WASHINGTON — House and Senate negotiators crafted compromise trade legislation Thursday, ending an impasse between two key committee chairmen and reconciling differences in their separate bills.
They planned to put the legislation to a vote despite strong opposition from textile-state lawmakers on trade preferences for Haiti and bipartisan concerns over granting Vietnam elevated trade status.
The House was set to vote on the omnibus bill Thursday night. The measure would provide more certainty to importers making apparel in sub-Saharan Africa, the Andean region, Vietnam and Haiti. Critics, however, said it would threaten to displace millions of dollars in U.S. fabric and yarn exports.
The compromise would grant permanent normal trade relations to Vietnam. It also would extend benefits for expiring trade preference programs for the sub-Saharan African countries, the Andean countries of Peru, Colombia, Ecuador and Bolivia, and the generalized system of preferences program. In addition, the legislation would create new and expanded benefits and rules of origin for apparel production in Haiti and suspend and reduce duty on hundreds of imported products that were covered in a miscellaneous tariff bill.
“This is a strong bipartisan compromise package that meets our trade needs and worldwide humanitarian and economic obligations,” Rep. Bill Thomas (R., Calif.), chairman of the House Ways and Means Committee, said in a statement. “It extends a number of important expiring trade incentives for developing countries.’’
If the bill clears the House, it would go to the Senate, where hurdles remain because of opposition to trade provisions for Vietnam and Haiti.
Sen. Elizabeth Dole (R., N.C.) disagreed with provisions that would expand duty free benefits to apparel imports from Haiti. Sen. Lindsey Graham (R., S.C.) has stated objections to the Haiti provisions, textile industry sources said.
Sens.
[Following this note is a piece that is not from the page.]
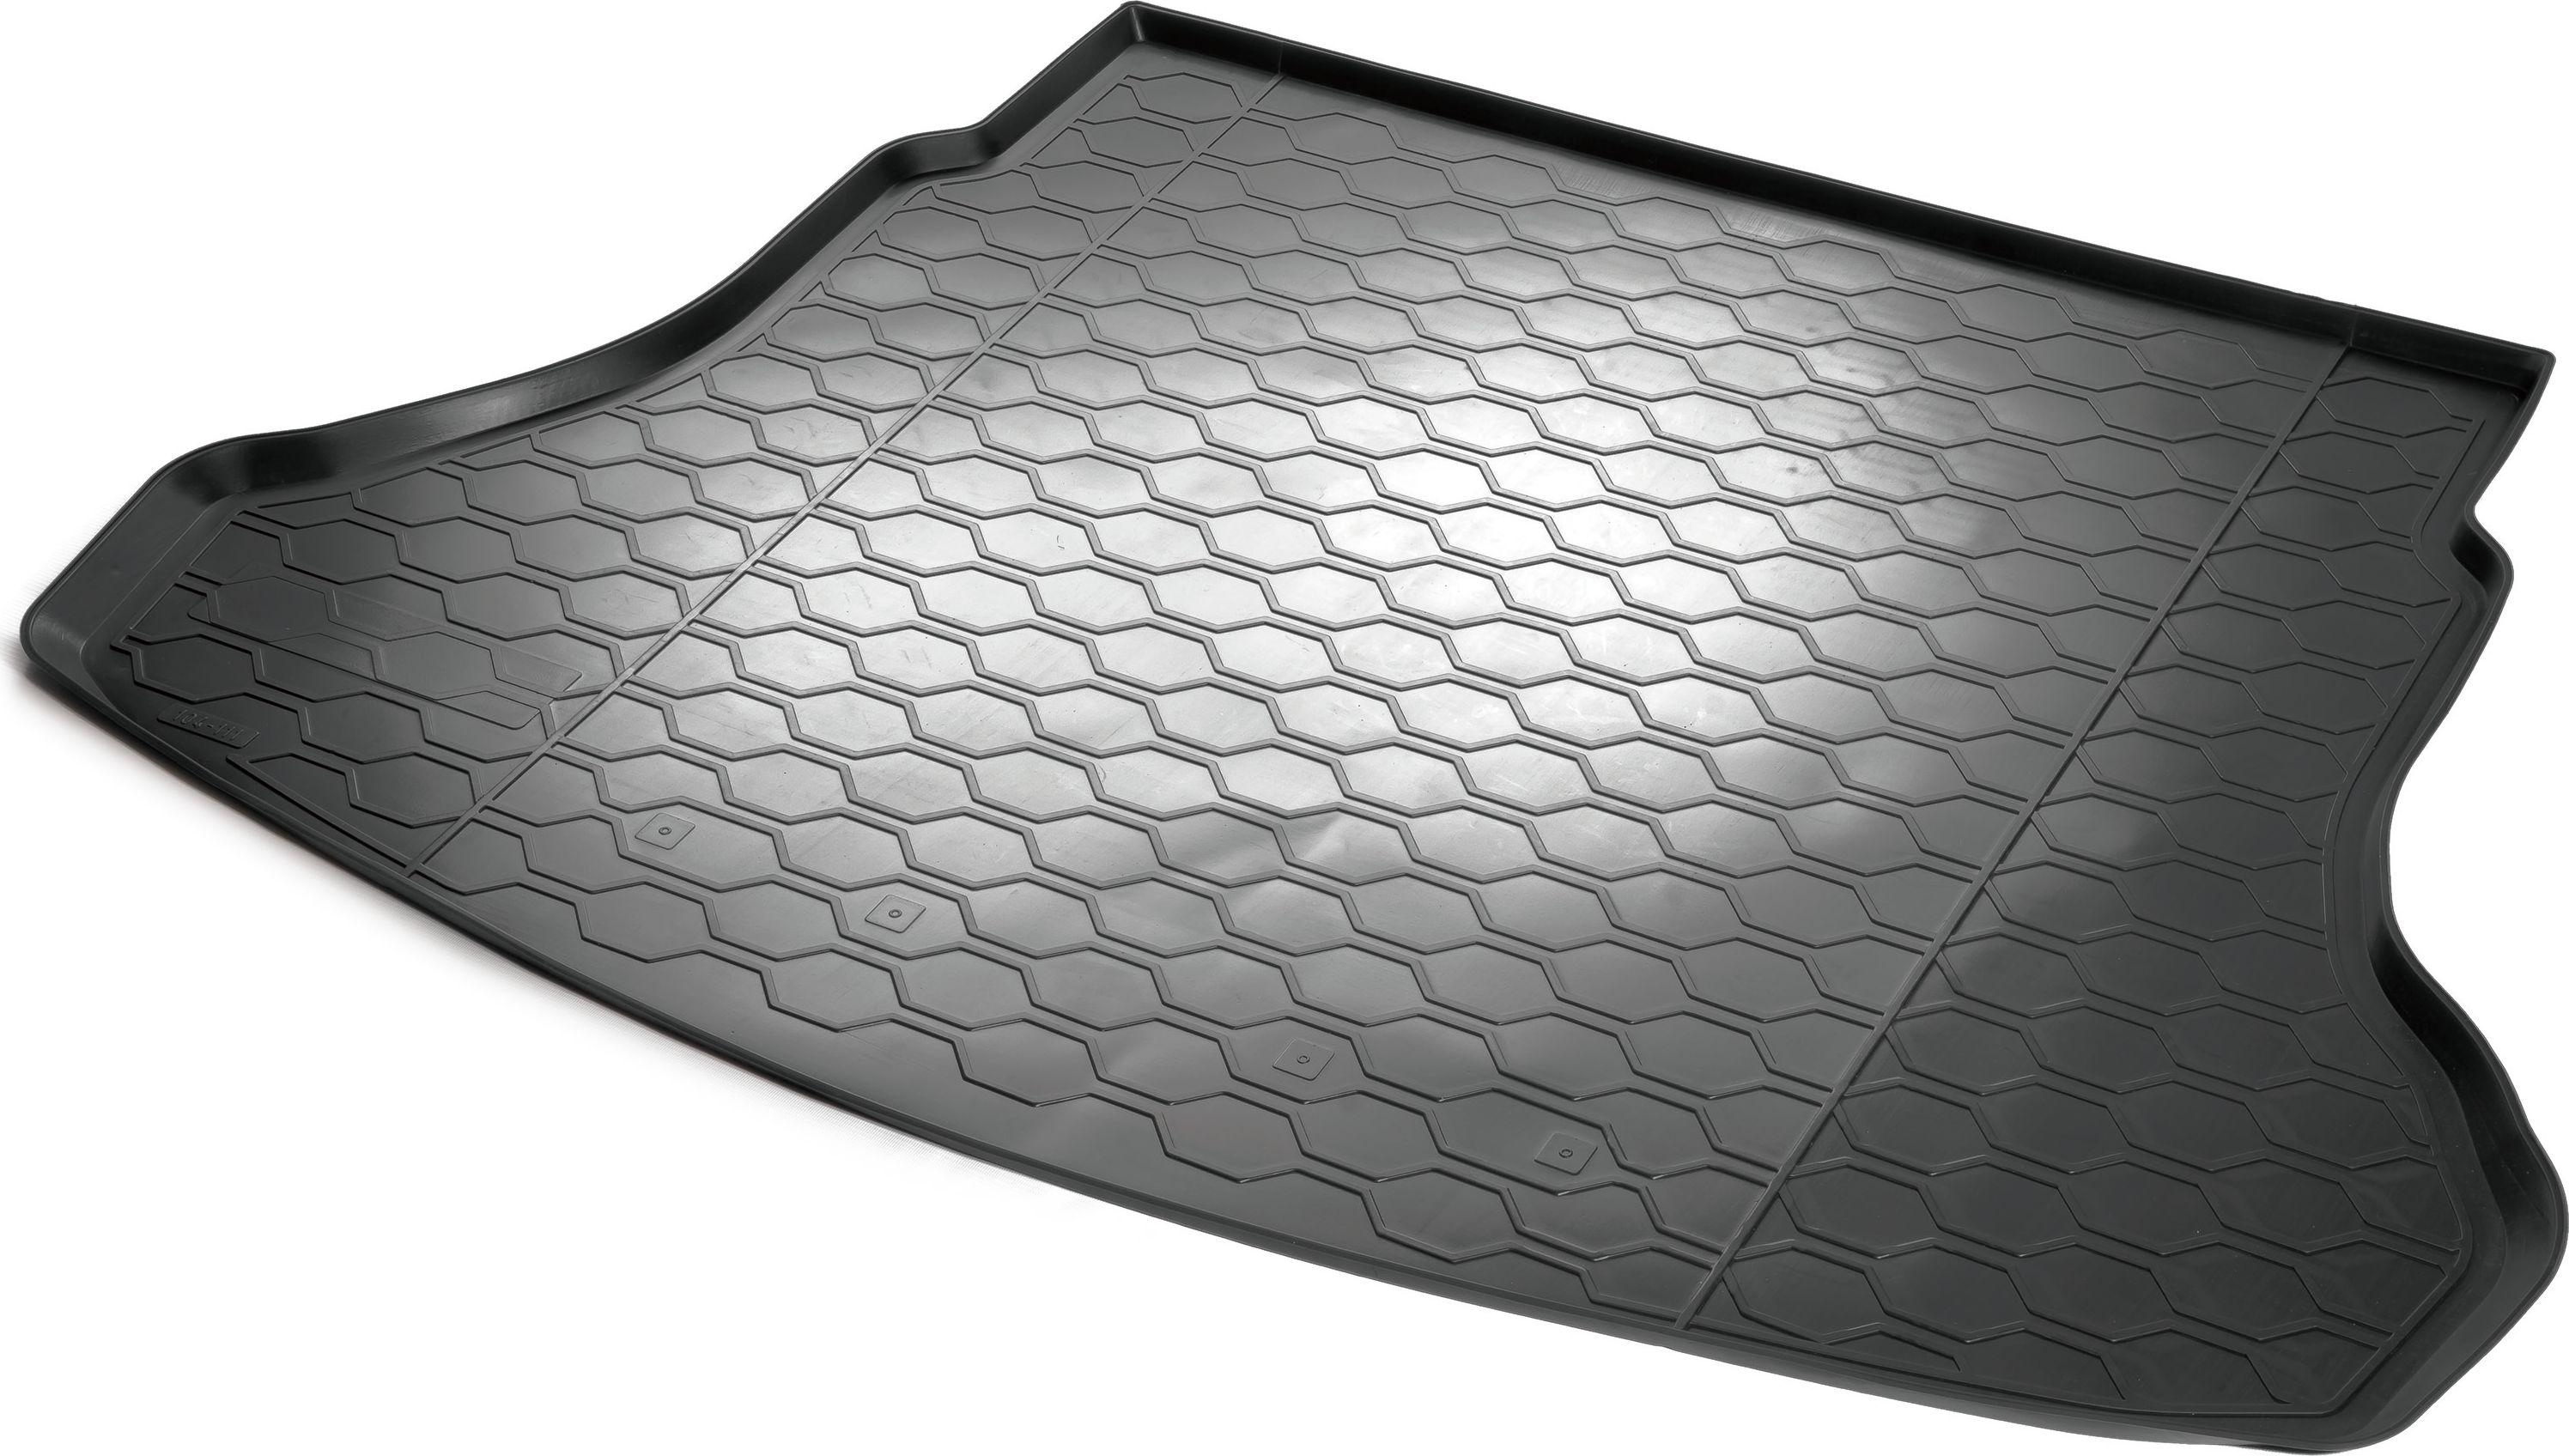 Коврик багажника Rival для Hyundai Solaris (SD) 2017-/Kia Rio 2017-, полиуретан21395598Коврик багажника Rival позволяет надежно защитить и сохранить от грязи багажный отсек вашего автомобиля на протяжении всего срока эксплуатации, полностью повторяют геометрию багажника.- Высокий борт специальной конструкции препятствует попаданию разлившейся жидкости и грязи на внутреннюю отделку.- Произведены из первичных материалов, в результате чего отсутствует неприятный запах в салоне автомобиля.- Рисунок обеспечивает противоскользящую поверхность, благодаря которой перевозимые предметы не перекатываются в багажном отделении, а остаются на своих местах.- Высокая эластичность, можно беспрепятственно эксплуатировать при температуре от -45 ?C до +45 ?C.- Изготовлены из высококачественного и экологичного материала, не подверженного воздействию кислот, щелочей и нефтепродуктов. Уважаемые клиенты!Обращаем ваше внимание,что коврик имеет формусоответствующую модели данного автомобиля. Фото служит для визуального восприятия товара.

Dianne Feinstein (D., Calif.) and Gordon Smith (R., Ore.) have made their votes on the provisions for Vietnam contingent on clarifications of a commitment the Bush administration made to Dole and Graham to monitor Vietnamese imports and possibly undertake antidumping cases.
Senate Majority Leader Bill Frist (R., Tenn.) could try to overcome possible holds on the trade bill by filing a motion for cloture, which would end debate if the motion were supported by at least 60 members. The Senate could vote on the bill this week.